# Trade Winds Cruise Club Contract Problems



## chrispy (Mar 14, 2008)

Has anyone had any trouble with Tradewinds Cruise Club contracts? We signed a contract in 2006 for 1.2 million points to be deposited in intervals of 104,000 "as many times a year as you desire". They can no  longer honor this contract claiming RCI won't let them. They have offered to convert us to weeks (no thanks) or straight RCI points with no affiliation to TradeWinds meaning we would have to exchange points directly with RCI and have no TradeWinds membership rights.  Anyone else experiencing anything like this? Any advice?


----------



## JoyceFNP (Mar 20, 2008)

*tradewinds problems*

Crispy
I have heard just the opposite.  All the original members with tradewinds were forced to exchange to points from weeks, and they lost some of their membership benefits because they developed multiple levels of membership.  We were on a boat in the Grenedines last year with 2 sets of members who basically fought it, and refused to change.  I guess Tradewinds has agreed to honor their original membership.  Are you a member of the TWCC group on Yahoo?  There aren't a lot of postings, but from what I can tell from the messages, one of the posters is associated with Tradewinds.  You have to join the group to post.  Just go to yahoo and look for groups. 

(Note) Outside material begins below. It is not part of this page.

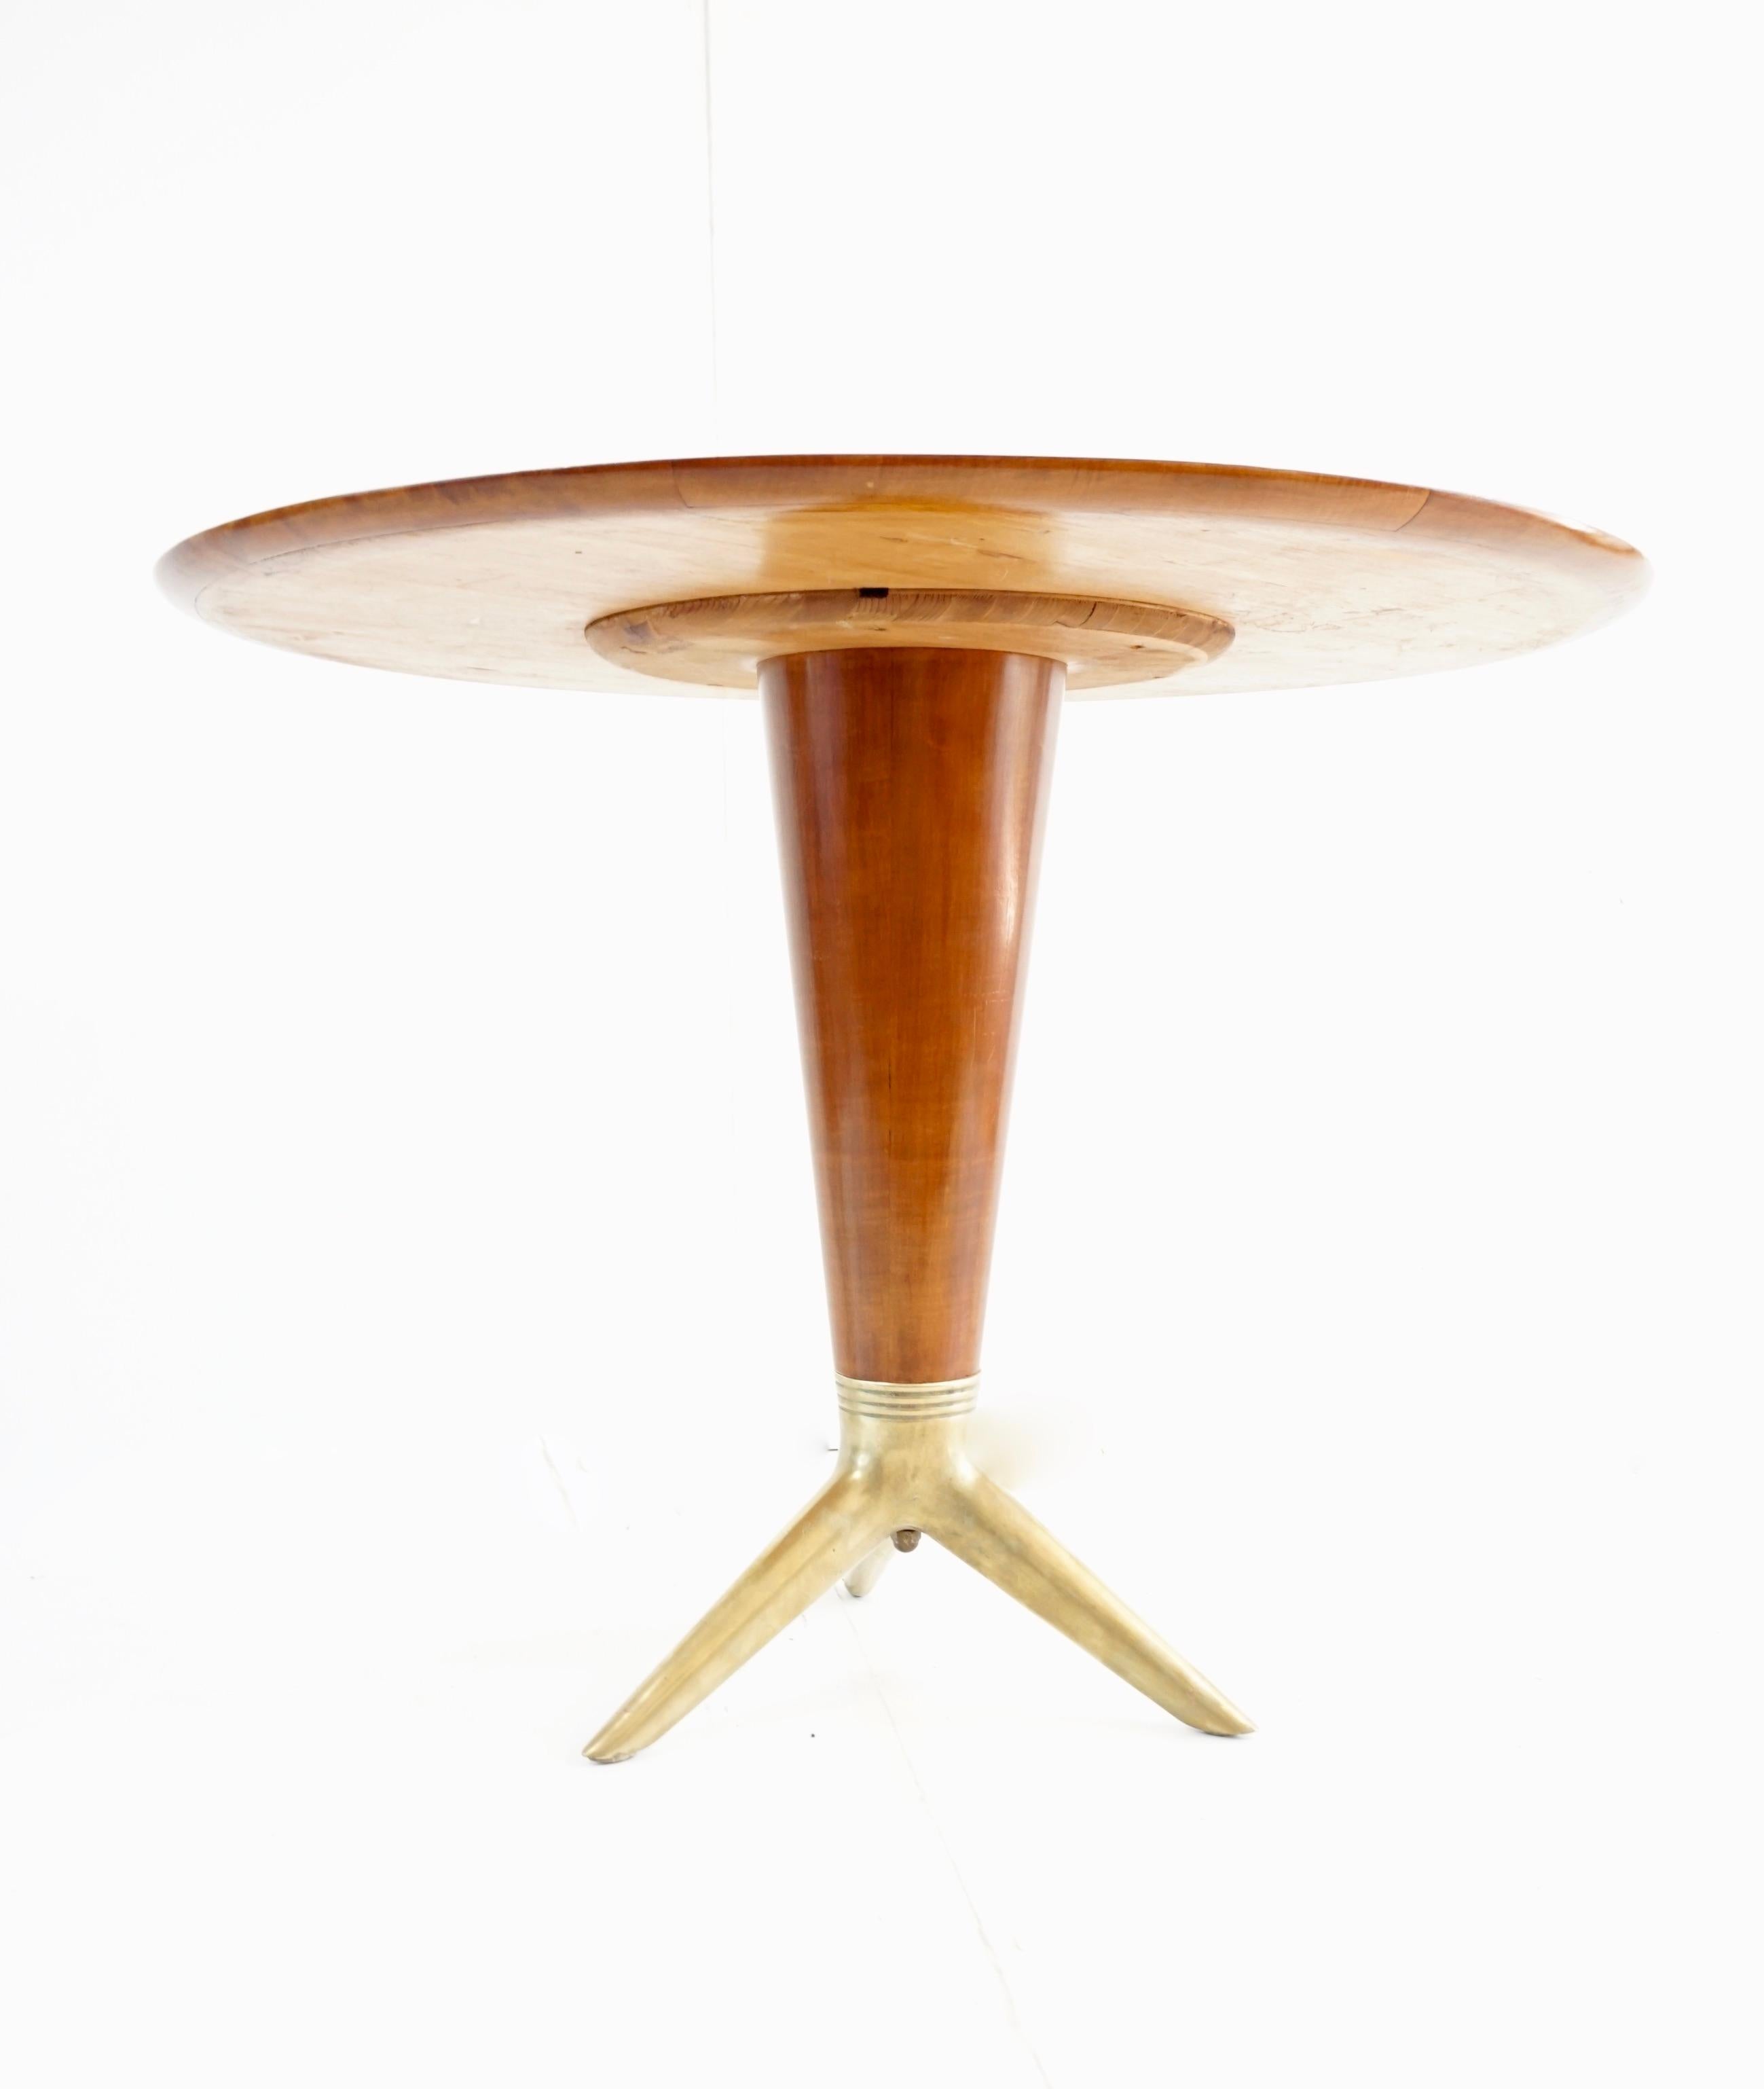 Rare Maple and Brass Round Center Table by I.S.A. Bergamo 1950 For Sale 3

Please keep me informed.  I find it interesting that a very few years ago everyone was forced to points, and now they are forcing them back to weeks. Not very member friendly, is it?
Joyce


----------



## jr4seasons (Mar 15, 2009)

*Been a TW Owner since 2004, & I was not forced to convert my weeks contract to points*

I've owned in TradeWinds Cruise Club since 2004...one of the earlier members.  

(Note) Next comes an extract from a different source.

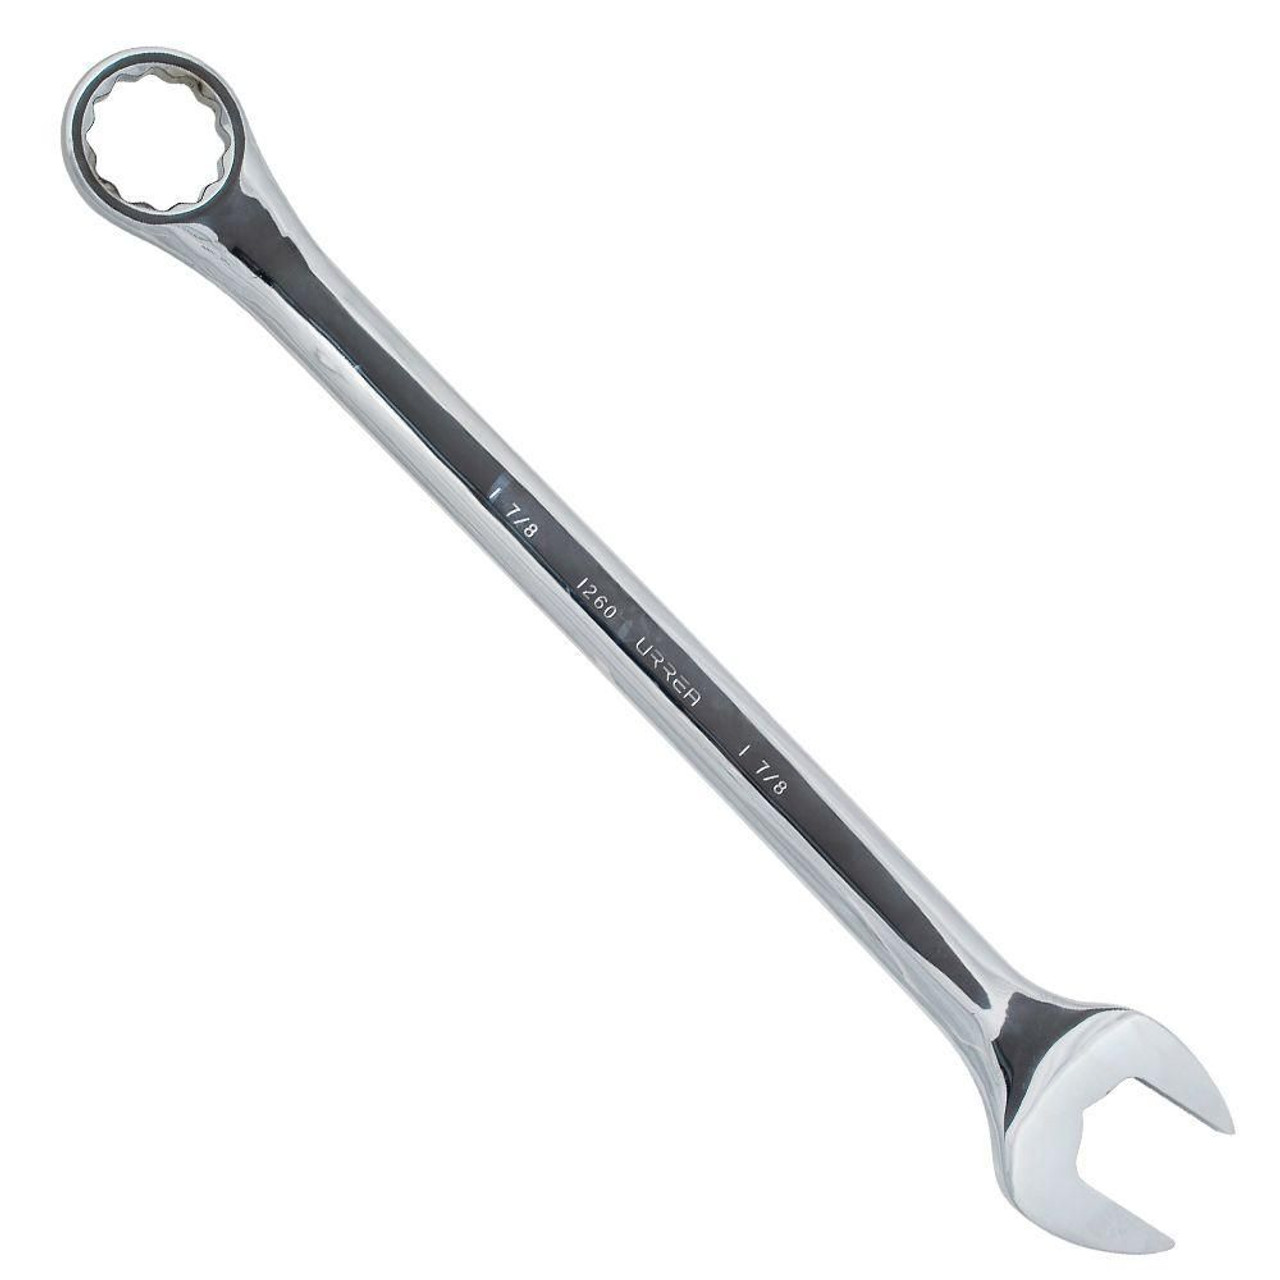 Full polished combination wrench, Size: 3/4, 12 point, Tool Length: 9-13/16"

I bought, and still have, a 'weeks' contract.  I was never forced to convert to a 'points' contract.  When they introduced this new product (points based contracts) they did ask me if I wanted to convert; but certainly I was not forced to.


----------



## Sandy VDH (Mar 18, 2009)

chrispy said:


> Has anyone had any trouble with Tradewinds Cruise Club contracts? We signed a contract in 2006 for 1.2 million points to be deposited in intervals of 104,000 "as many times a year as you desire". They can no  longer honor this contract claiming RCI won't let them. They have offered to convert us to weeks (no thanks) or straight RCI points with no affiliation to TradeWinds meaning we would have to exchange points directly with RCI and have no TradeWinds membership rights.  Anyone else experiencing anything like this? Any advice?

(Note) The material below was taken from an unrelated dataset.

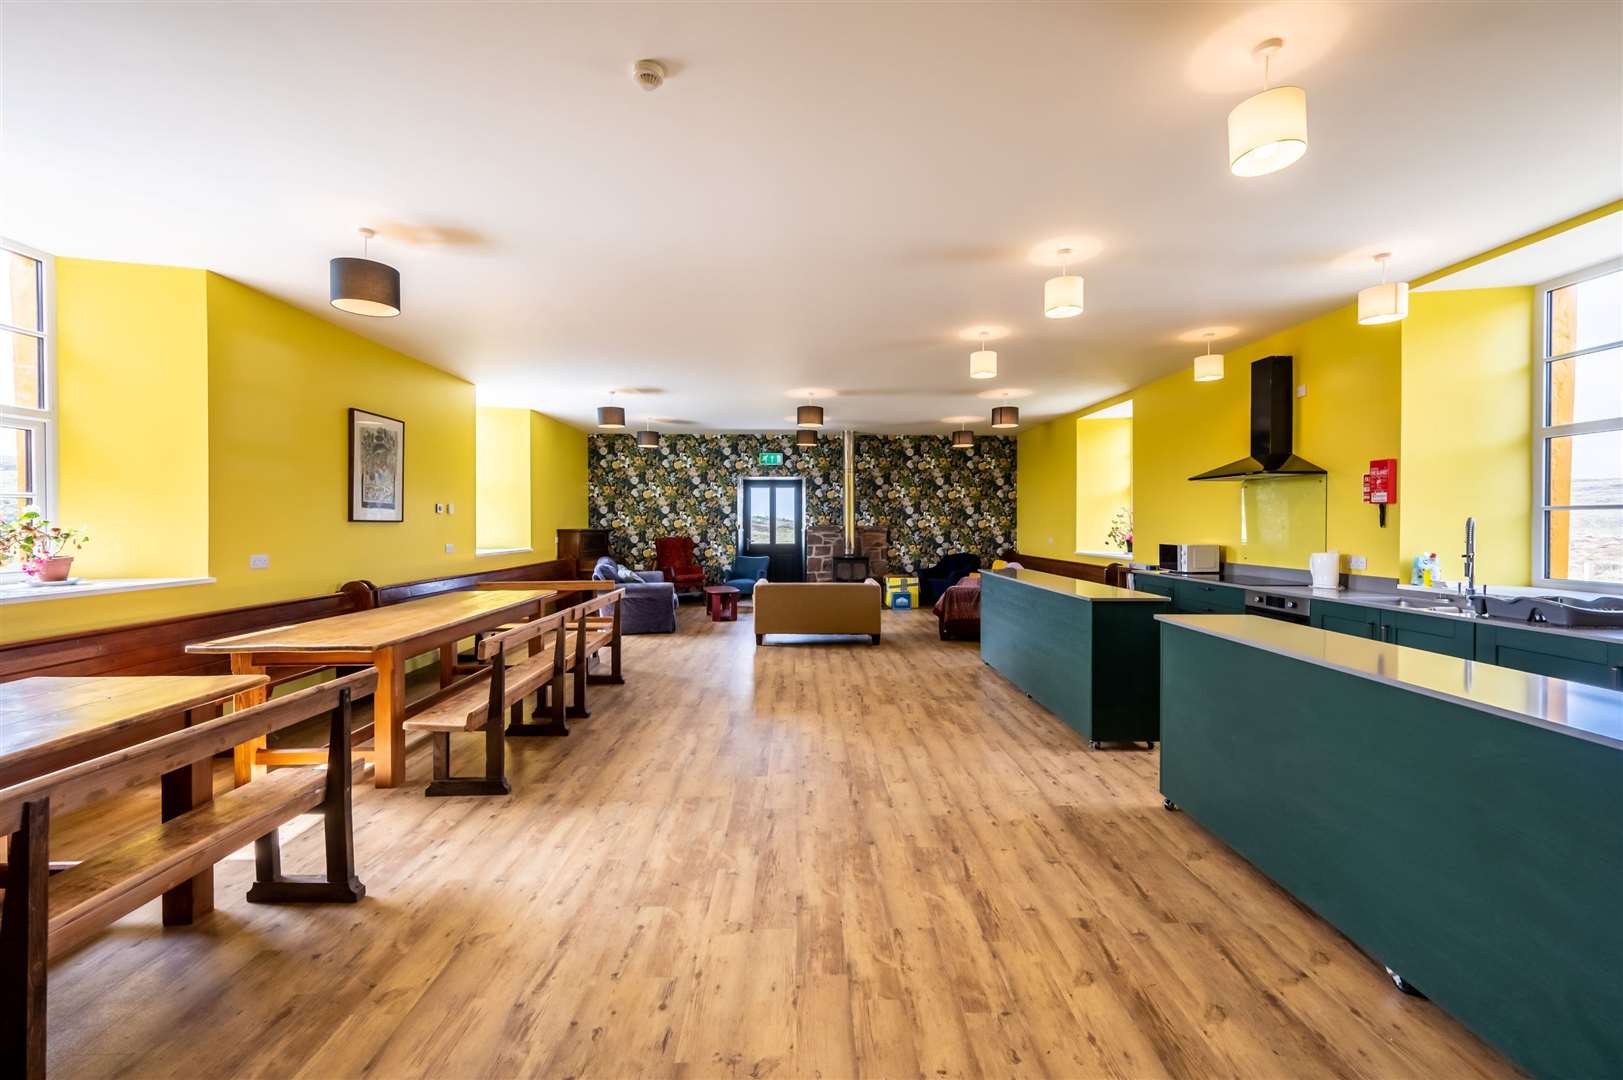 The modern, energy-efficient accommodation can accommodate up to 22 guests in total, including a self-contained studio flat which is perfectly suited for use as a manager’s accommodation if required.

Something does sound right.  Perhaps it is a miscommunication or understanding.

I have a TWCC membership still in RCI points.  I can't accelerate my deposits into RCI, I can only use what I am contractually obligated to, 1 week a year.  I can however accelerate my usage within TWCC if I wish.  

I still have my RCI points access and my TWCC point club access as well.  Actually when we added the additional week they added it to a weeks account, which I do not use.  So I have an 2.5 Million point TWCC membership that 1 week is affiliated with RCI points and 1 week that is RCI weeks.

I have only used 1 week in RCI points so far the rest has been used in TWCC.

As far as I know new memberships are now with RCI weeks not points, but if you had a RCI points affiliated membership you could keep it.  There are also TWCC points, different animal.  Some member are TWCC points members, some are classic members who never converted to the TWCC point system.


----------